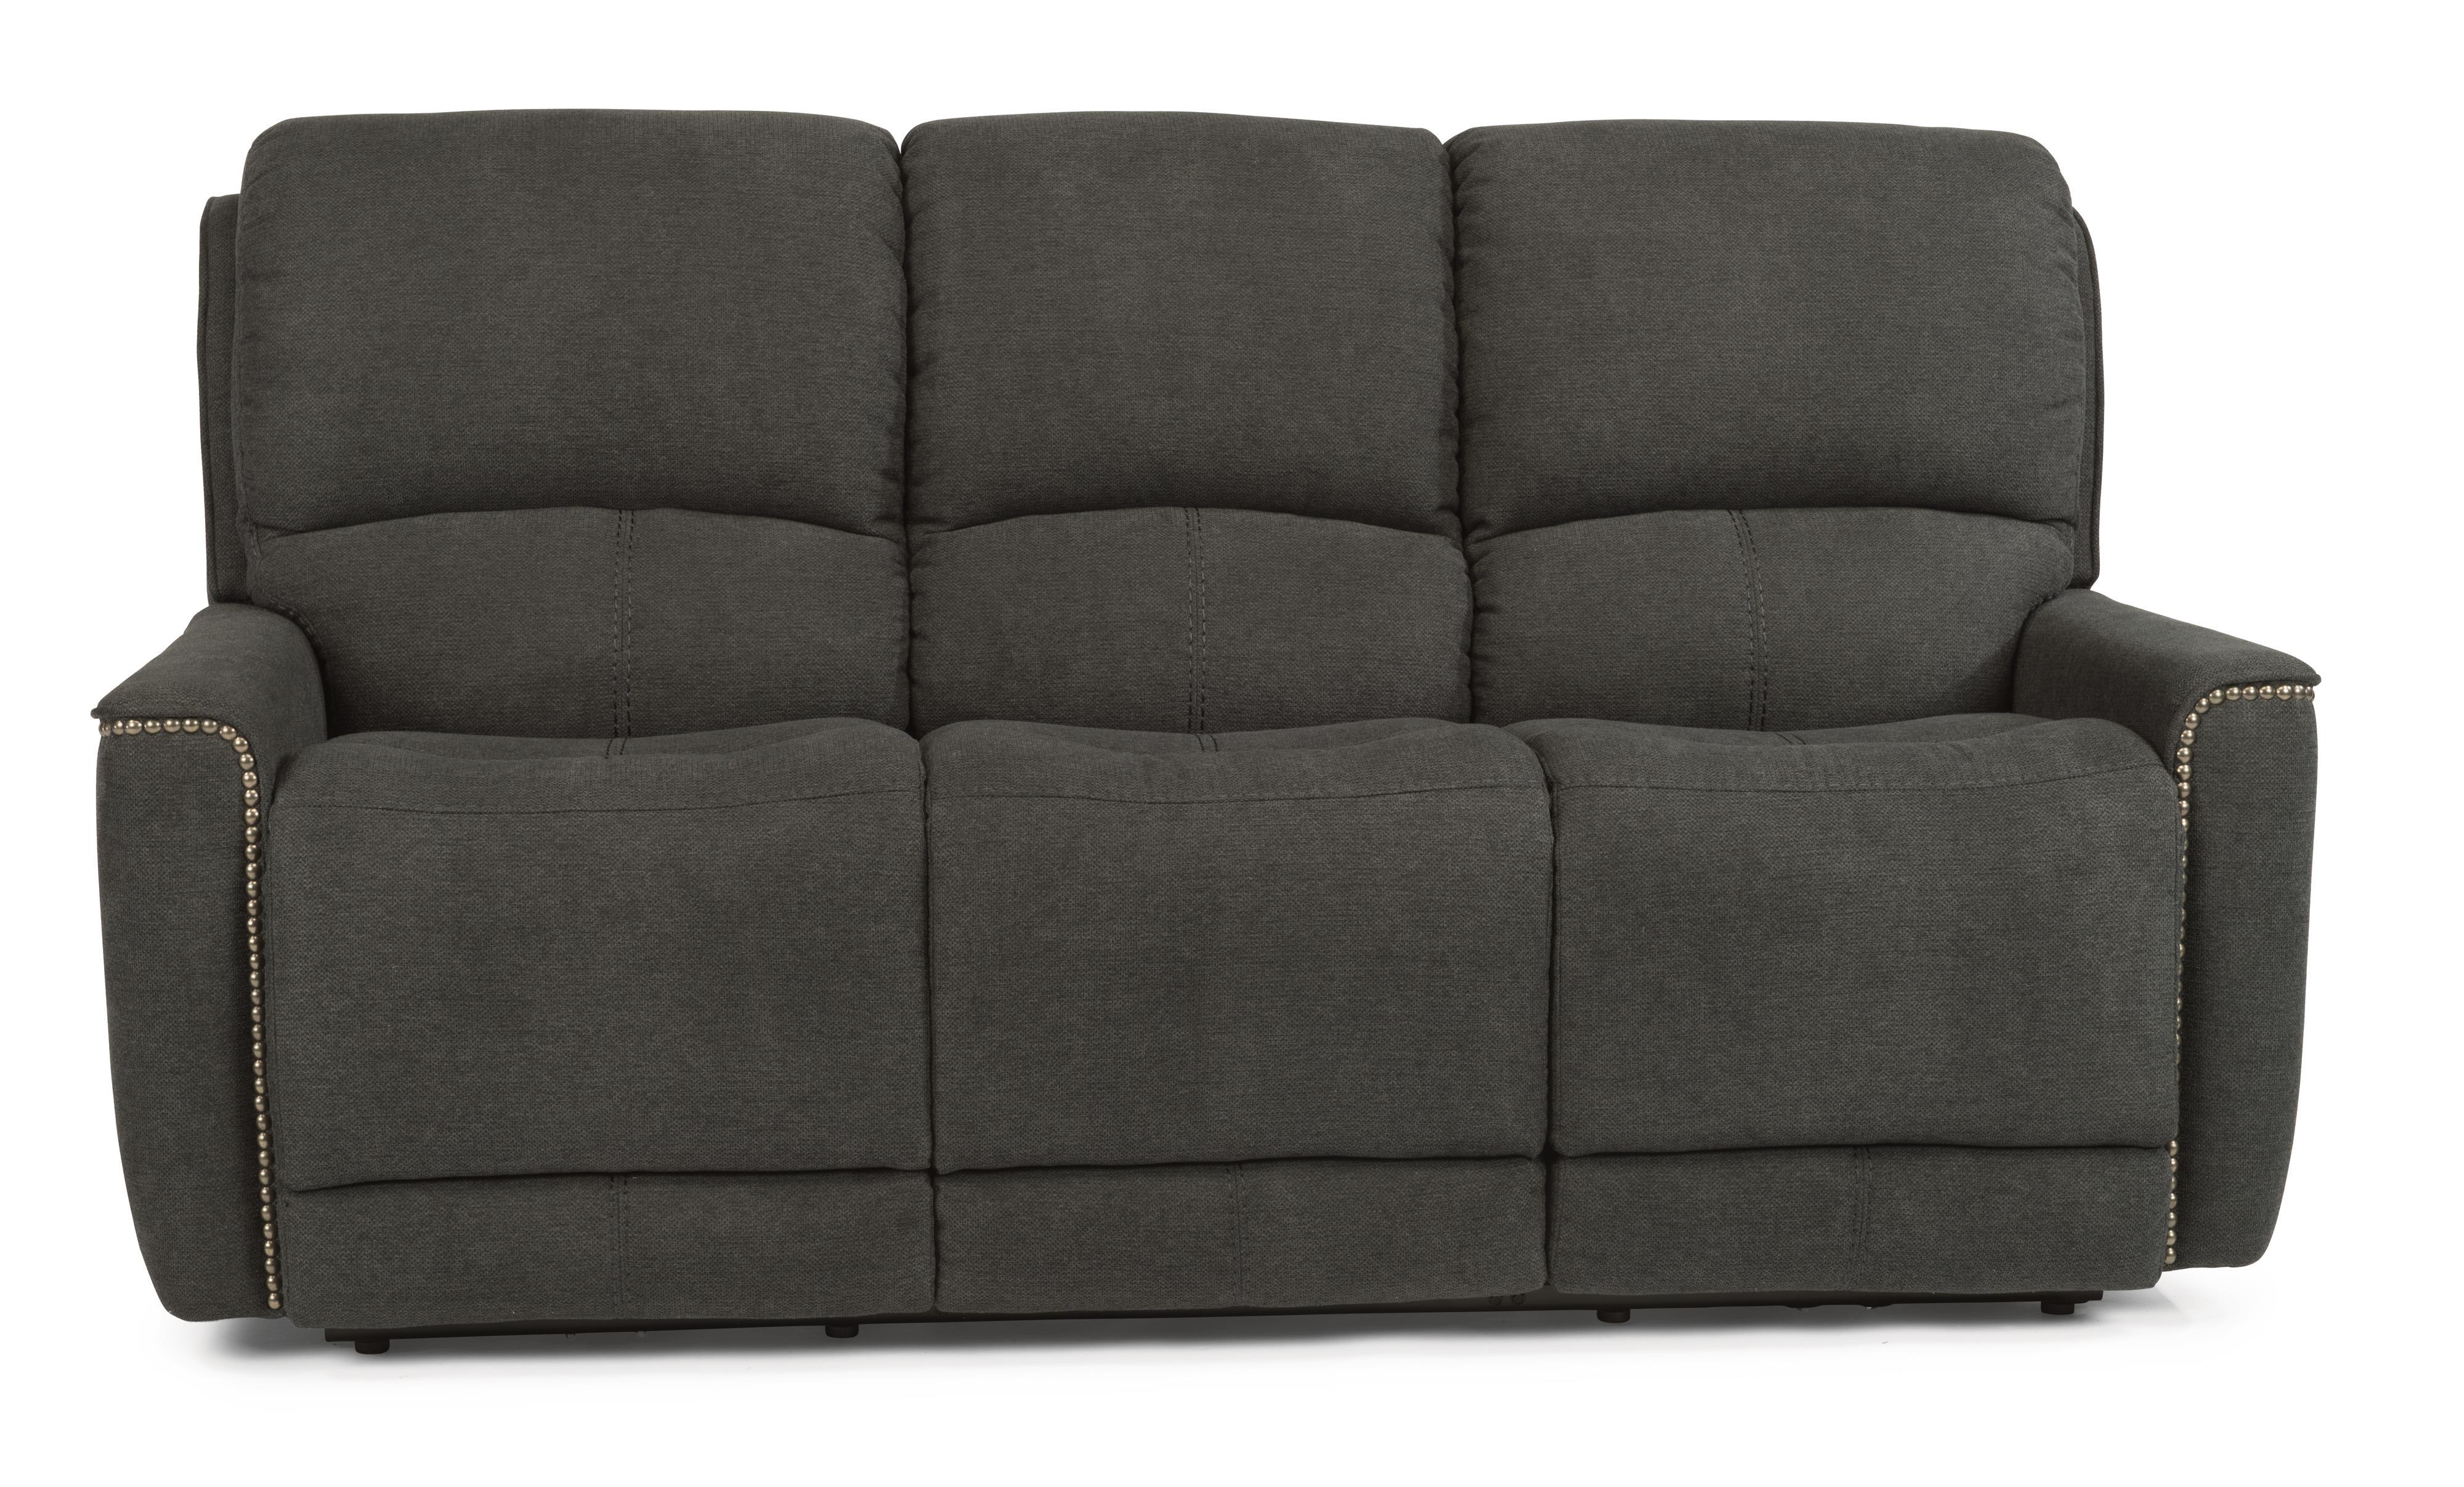 Flexsteel Latitudes-Pierson Reclining Sofa - Item Number: 1678-62P-922-46
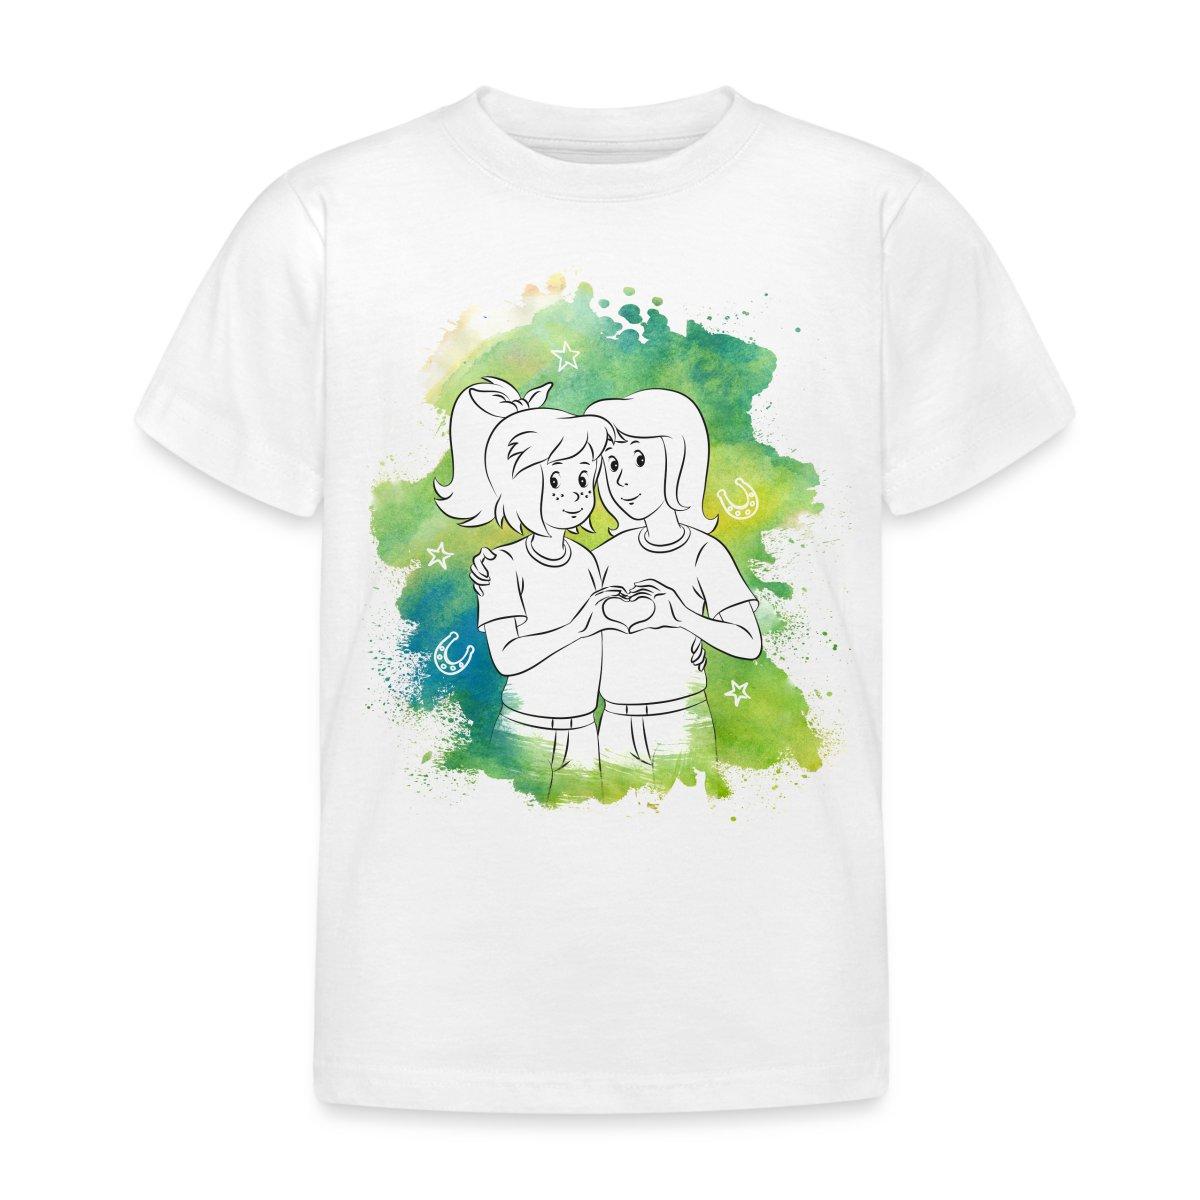 Bibi-Und-Tina-Beste-Freundinnen-Herz-Line-Art-Kinder-T-Shirt-von-Spreadshirt
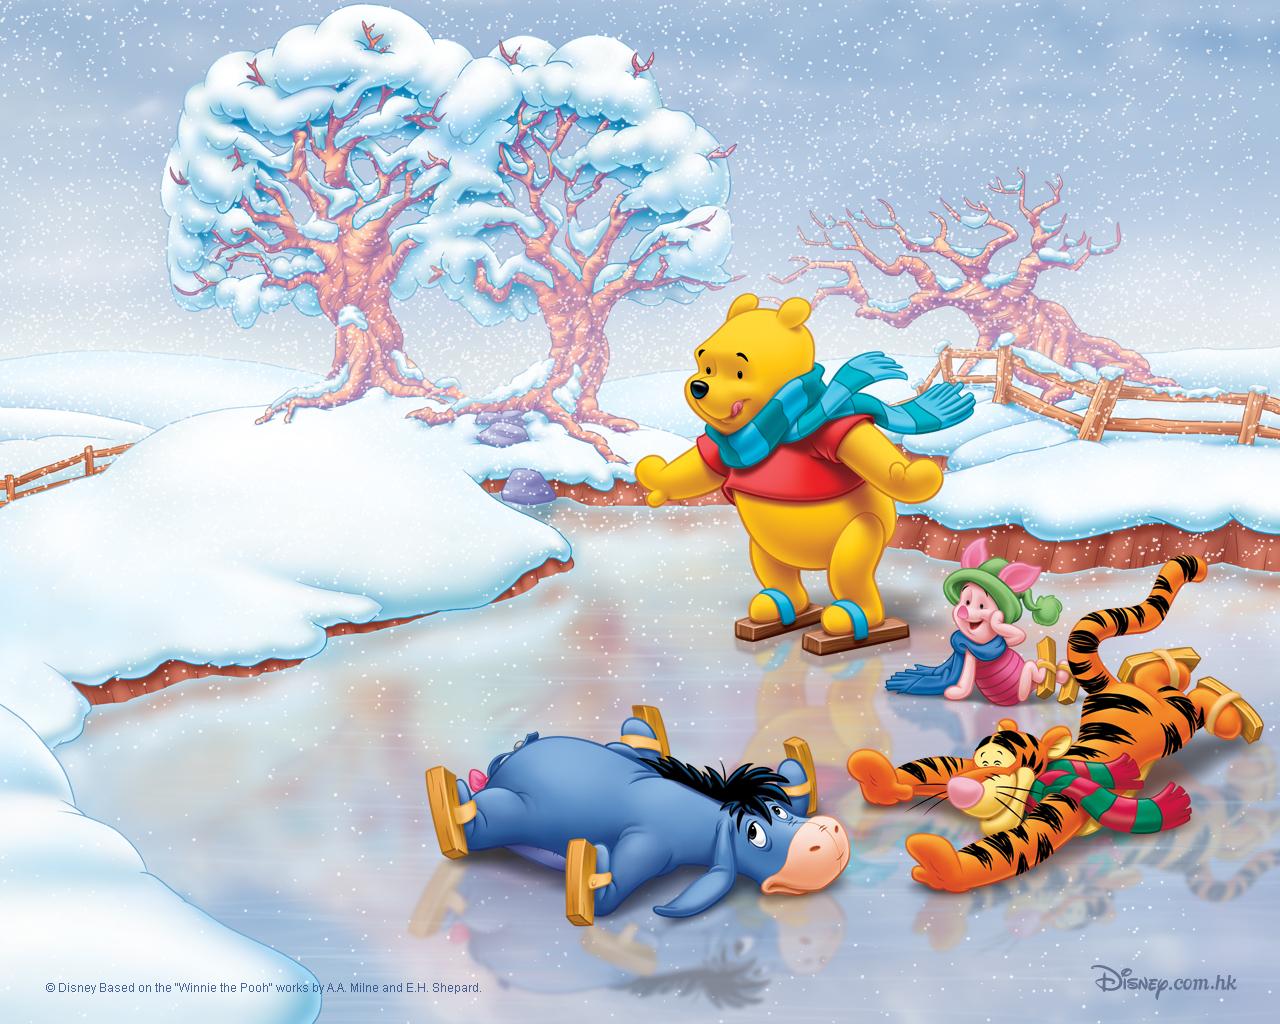 10868 Salvapantallas y fondos de pantalla Imágenes en tu teléfono. Descarga imágenes de Dibujos Animados, Invierno, Hielo, Nieve, Imágenes, Winnie The Pooh gratis
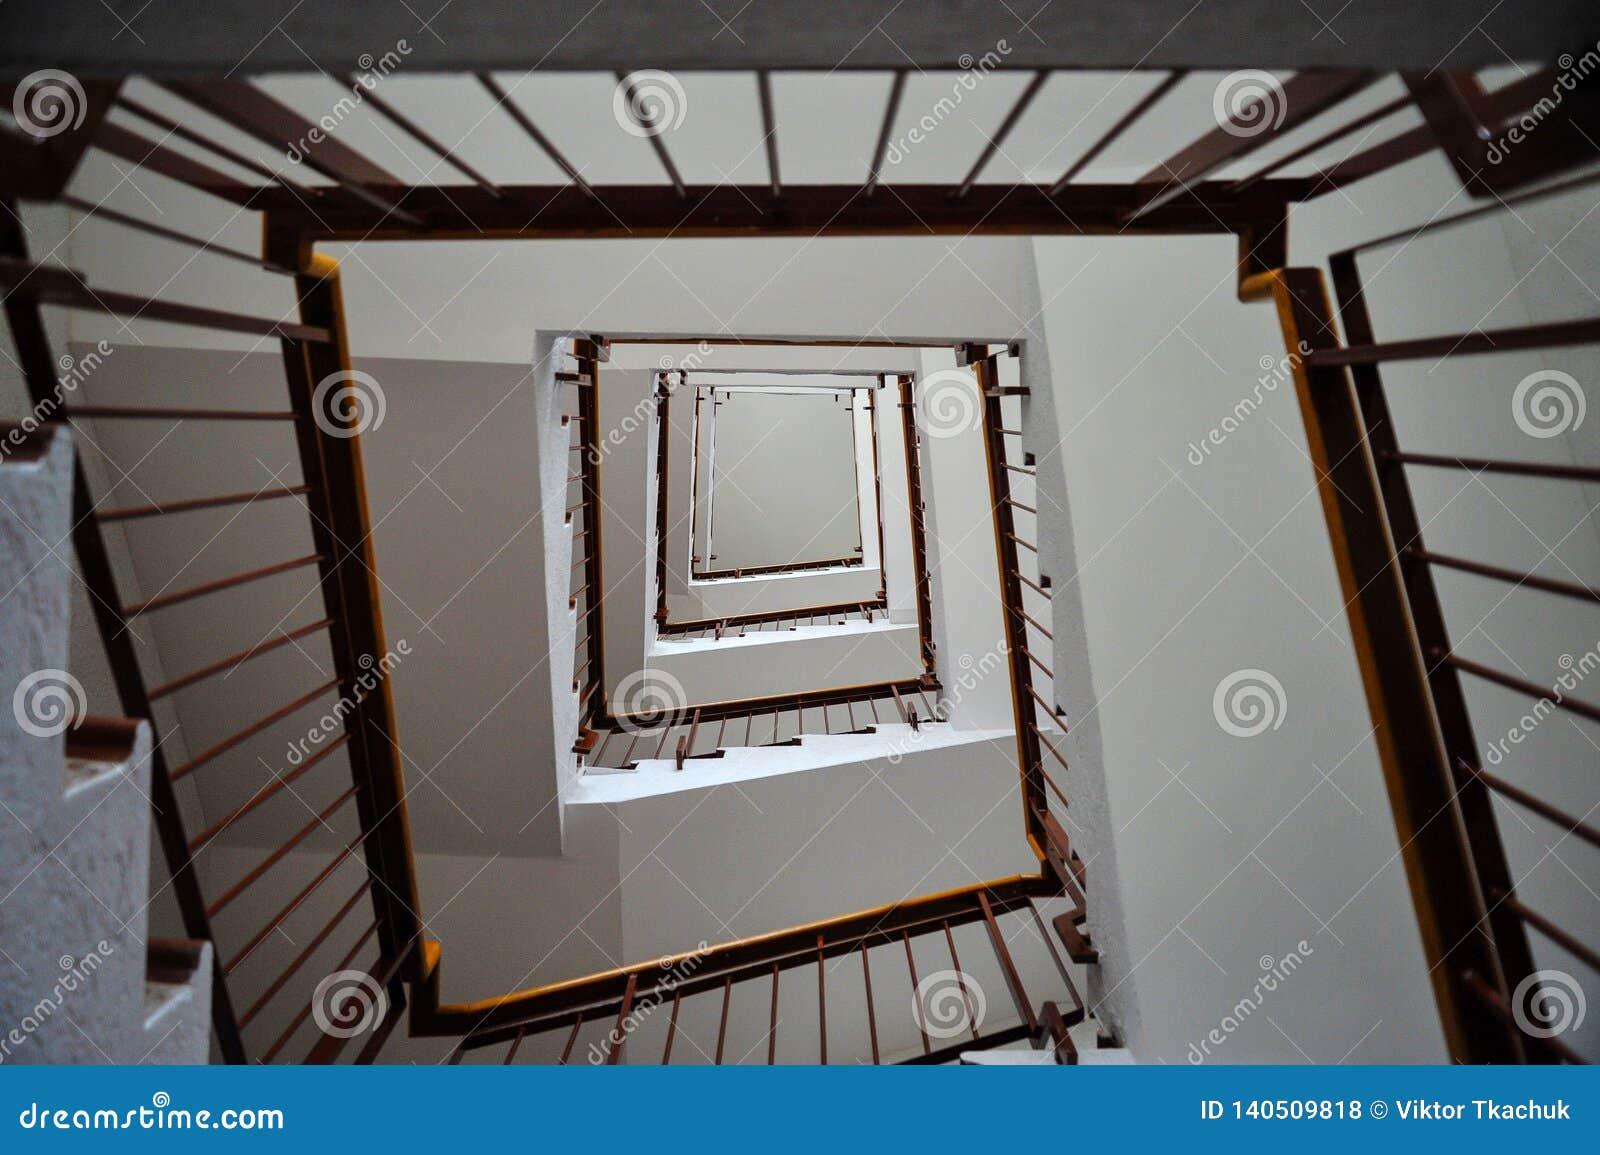 Escadaria em um prédio com trilhos

——————

## Work item
Everything from the line containing "10868 Salvapantallas y" through the end of the data should be printed exactly, line for line, except the pictures.

## Answer box
 10868 Salvapantallas y fondos de pantalla Imágenes en tu teléfono. Descarga imágenes de Dibujos Animados, Invierno, Hielo, Nieve, Imágenes, Winnie The Pooh gratis
 Escadaria em um prédio com trilhos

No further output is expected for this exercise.